Terrence Parr has implemented the idea of precedence climbing into the most recent version version of the ANTLR parser generator. You can read about it in his new book available as an e-book and soon (perhaps by the time you read this) as a hardcopy book [a "p-book"?].

Bibliographic Notes

The first use, that I'm aware of, of recursive descent parsing was in an ALGOL-60 Compiler for the Elliott Brothers 803 and 503 computers; it was designed by a team of three programmers lead by C. A. R. Hoare. From Hoare's report on that compiler:

The main work is done by a set of procedures, each of which is capable of processing one of the syntactic units defined in the ALGOL 60 report. Where one syntactic unit is defined as consisting of other units, the procedure will be capable of activating other procedures, and where necessary, itself. For example, the procedure "compile arithmetic expression" must be capable of compiling the bracketed constituents of an arithmetic expression, which are themselves arithmetic expressions; this is achieved by a recursive entry to the very procedure "compile arithmetic expression" which is currently engaged on translating the whole expression. [2]

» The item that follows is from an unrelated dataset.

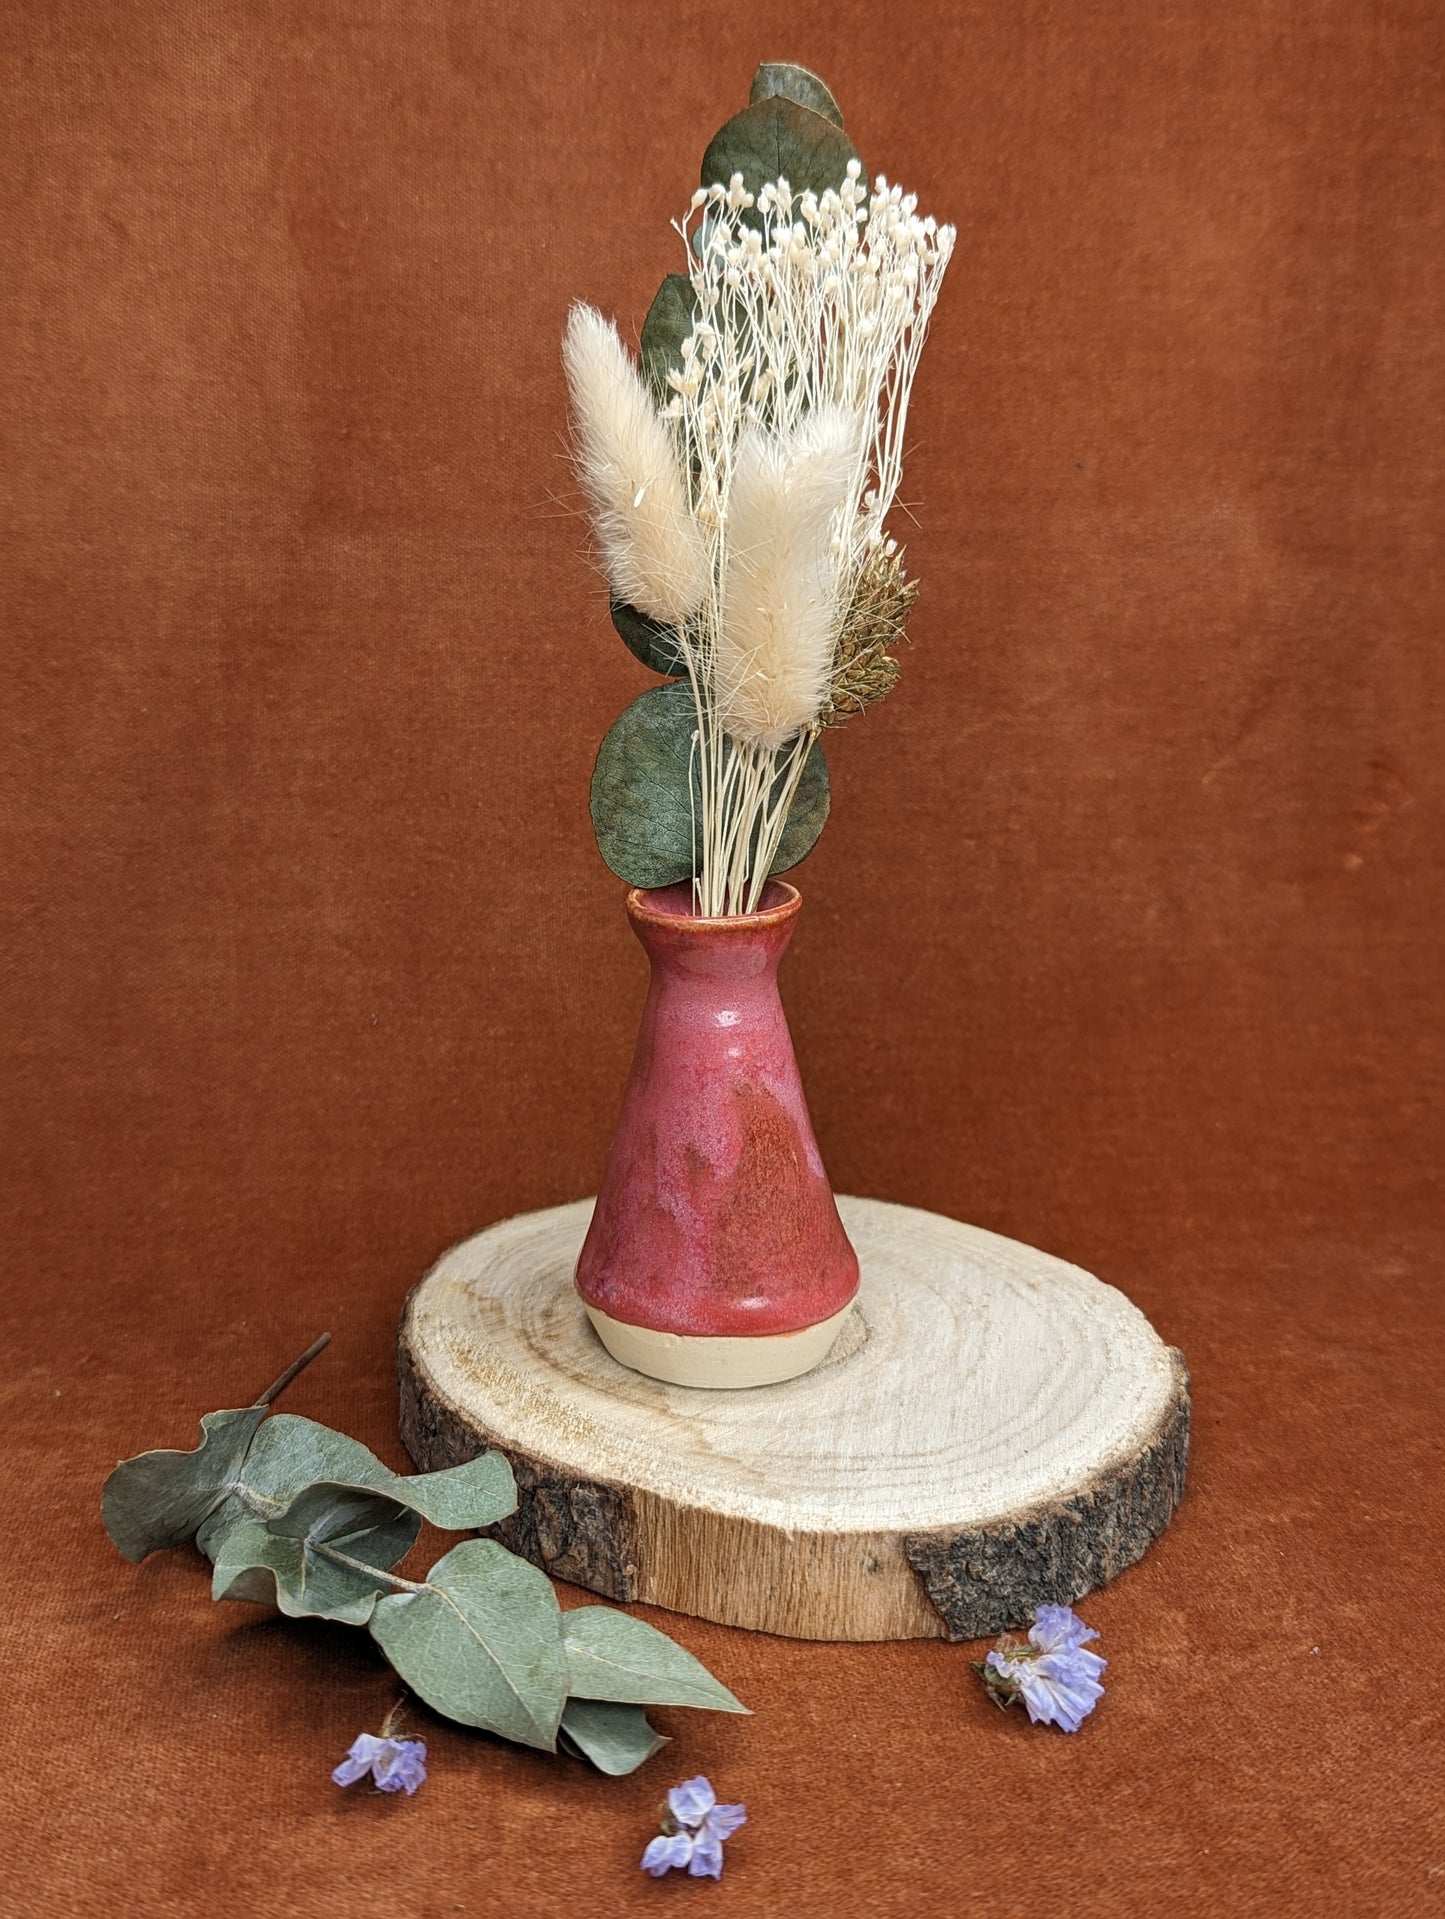 Mini Vase with Dried Flowers by Genuine Quirk

You can use this compiler yourself; see http://elliott803.sourceforge.net/docs/algol.html. You can read the (disassembled) compiler at http://www.billp.org/ccs/ElliottAlgol/.

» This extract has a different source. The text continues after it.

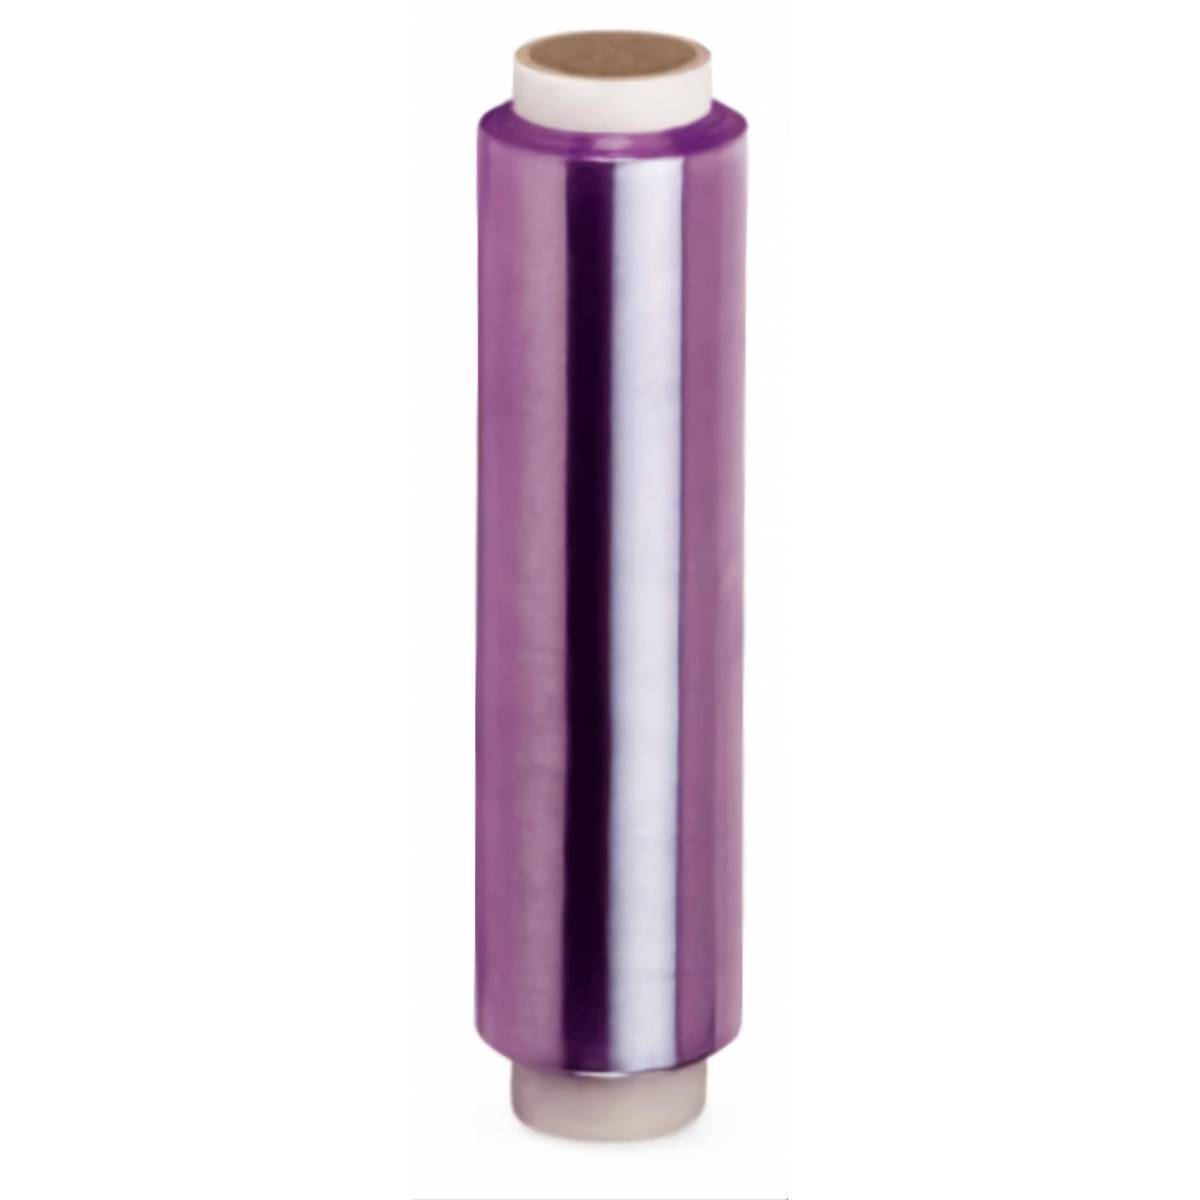 Roll of transparent stretch film for food

I'm not sure who invented what I am calling the classic algorithm. (Anyone know?) Certainly it was made popular by Niklaus Wirth who used it in various compilers, notably for Pascal. I learned it from one of Wirth's books.

The Shunting Yard Algorithm was invented by Edsger Dijkstra around 1960 in connection with one of the first ALGOL 60 compilers. It is described in a Mathematisch Centrum report (starting around page 21) [1]. I think I first saw a version of it described in an ad for the TI SR-52 and SR0-56 calculators, two of the earlier calculators to handle precedence. (Prior to 1976 pocket calculators either used RPN or treated 2+3*4 as (2+3)*2.)

I first saw what I've called the precedence climbing method described by Keith Clarke in a posting to comp.compilers in 1992. Keith gives a proof of its correctness, relative to the classic algorithm, by means of program transformation in a 1985 report "The top-down parsing of expressions" [0]. The algorithm appears to have been (first) invented by Martin Richards for use in the CPL and BCPL compilers. It can be found in the section 6.6 of BCPL -- the language and its compiler. [3]

References

[0] Keith Clarke, "The top-down parsing of expressions", Research Report 383, Dept of Computer Science, Queen Mary College. Archived at http://antlr.org/papers/Clarke-expr-parsing-1986.pdf.

[1] Edsger W. Dijkstra, "Algol 60 translation : An Algol 60 translator for the x1 and Making a translator for Algol 60", Research Report 35, Mathematisch Centrum, Amsterdam, 1961. Archived at http://www.cs.utexas.edu/users/EWD/MCReps/MR35.PDF.

[2] C. A. R. Hoare, "Report on the Elliott ALGOL translator", The Computer Journal, Vol. 5, No. 2, pp. 127-129, 1962. Archived at http://comjnl.oxfordjournals.org/content/5/2/127.short.

[3] Martin Richards and Collin Whitby-Stevens, BCPL -- the language and its compiler, Cambridge University Press, 1979.

Acknowledgement

Thanks to Colas Schretter for pointing out an error in the precedence climbing algorithm and suggesting a correction.

I am grateful to Keith Clarke and Martin Richards for help in tracing the origins of what I've called precedence climbing.